Öte Yandan Mümtaz’er Türköne sosyal medya hesabından “Türkiye bir hukuk devletidir” diye bağladığı zaman peşinen “mugalata” diye geçmekte haklısınız. Hukuka avdet edilmezse ne olur? Durum vahim.” ifadelerini kullanarak eleştirilerde bulundu.

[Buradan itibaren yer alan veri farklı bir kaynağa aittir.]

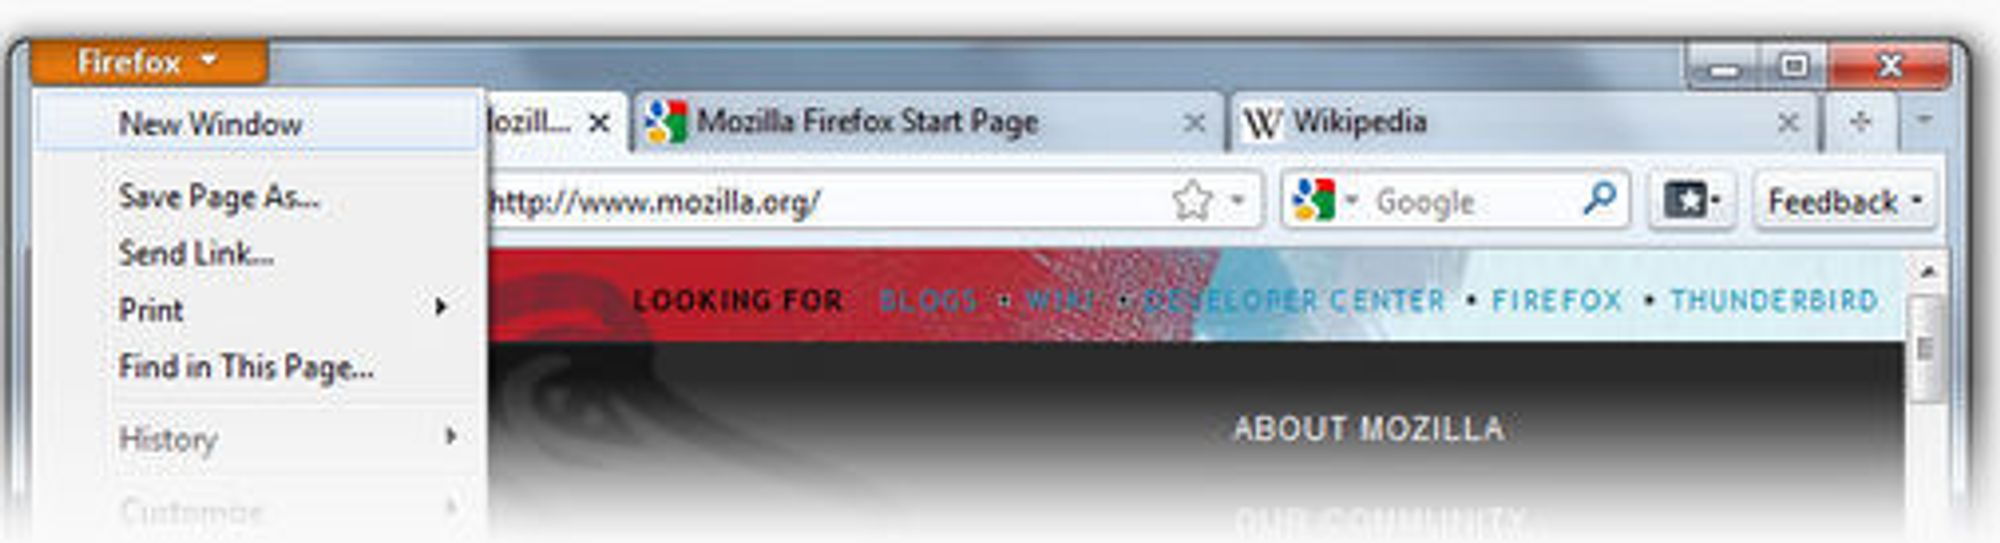 Foreløpig utseende på Firefox-knappen og fanene som er plassert i toppen av vinduet i Firefox 4 Beta 1.

Mümtaz’er Türköne’nin sosyal medya paylaşımı şu şekide;
“Osman Kavala, Selahaddin Demirtaş, Can Atalay, Ekrem İmamoğlu, Ayşe Barım, Selçuk Kozağaçlı gibi isimler hukuksuzluğun kamuoyuna mâl olmuş ön saftaki kurbanları. Arkada dağ gibi mağdurlar ve mazlumlar kitlesi duruyor. Sadece tutuklular değil. Ahmet Türk’ün yerine kayyım atandı. Laf kabilinden bile olsa kanuni bir gerekçe duydunuz mu? Bu isimler özgürlüğüne kavuşmadan, hiç olmazsa sembolik anlamda Türkiye’de yeni yetme bir kabile devleti kadar bile hukukun geçerli olduğunu, hatta bir kaza müessesesinin varlığını kimse iddia edemez. Adalet Bakanı veya herhangi bir hükümet temsilcisi çıkıp da, gündemdeki bir sorunun hukuk veçhesine dair bir beyanda bulunduğu, cümlesini “Türkiye bir hukuk devletidir” diye bağladığı zaman peşinen “mugalata” diye geçmekte haklısınız. Hukuka avdet edilmezse ne olur? Durum vahim. İlk adım olarak yargıçlık teminatı ve doğal yargıç prensibinin işlerlik kazanması ile yargının bağımsızlığına doğru adımlar atılmazsa, Türkiye teker teker her şeyini kaybeder. Sorun adalet sorunundan ibaret değil. Her şeyimizi kaybedebiliriz. İktidar, içinde hava kalmayan tenekelerin içeriye doğru çökmesi gibi dağılır ve gücünü sürdüremez. Çözüm süreci ilerlemez. Devletin bekâ sorunu derinleşir. Kürtlerin özgür rızaları ile gönüllü olarak benimseyecekleri ulus devletin sağlam temellere oturması adına ülkemiz büyük bir fırsatı elinden kaçırmış olur. Ekonomik krizden çıkış yolu bulunamaz. Uluslararası çıkarlarımızı savunamayız ve koruyamayız. Hukuka dönüş, Türkiye’nin en hayati sorunu ve bir yığın sorununun çözümü için olmazsa olmaz zorunlu adımı. Görüyorsunuz hukukun olmadığı yerde, iktidarlar dahil kimse nefes bile alamıyor, ot bitmiyor ve gündüz vakti her yer kararıyor.”
Mümtaz’er Türköne Kimdir?
Mülkiyeli ve kendi deyimiyle “Ülkücü militan” Mümtaz’er Türköne, Ülkü Ocaklarında Muhsin Yazıcıoğlu başkan, Abdullah Çatlı ikinci başkanken yönetim kurulu üyesiydi. 1990’larda Susurluk lağımı patladığı sırada “Devlet için kurşun atan da kurşun yiyen de bizim için şereflidir” diyen dönemin Başbakanı Tansu Çiller’e gayriresmi danışmanlık yaptı. Gülen cemaatinin yayın organı Zaman gazetesi yazarı olduğu 2011’de İstanbul’dan AKP milletvekili adayı oldu. 2016’da bir grup eski Zaman yazarıyla birlikte tutuklandı ve “silahlı terör örgütüne üye olma” suçundan 10 yıl 6 ay hapis cezasına çarptırıldı. 2020’de Devlet Bahçeli yaptığı “Dileğim bir haksızlık varsa bunun acilen düzeltilmesidir… Pek çok sorunlu kişinin masum gösterilmeye çalışıldığı bir yerde şehit ağabeyi Mümtaz’er Türköne’nin davası tekraren ve titizlikle değerlendirilmelidir” çağrısından üç ay sonra serbest kaldı.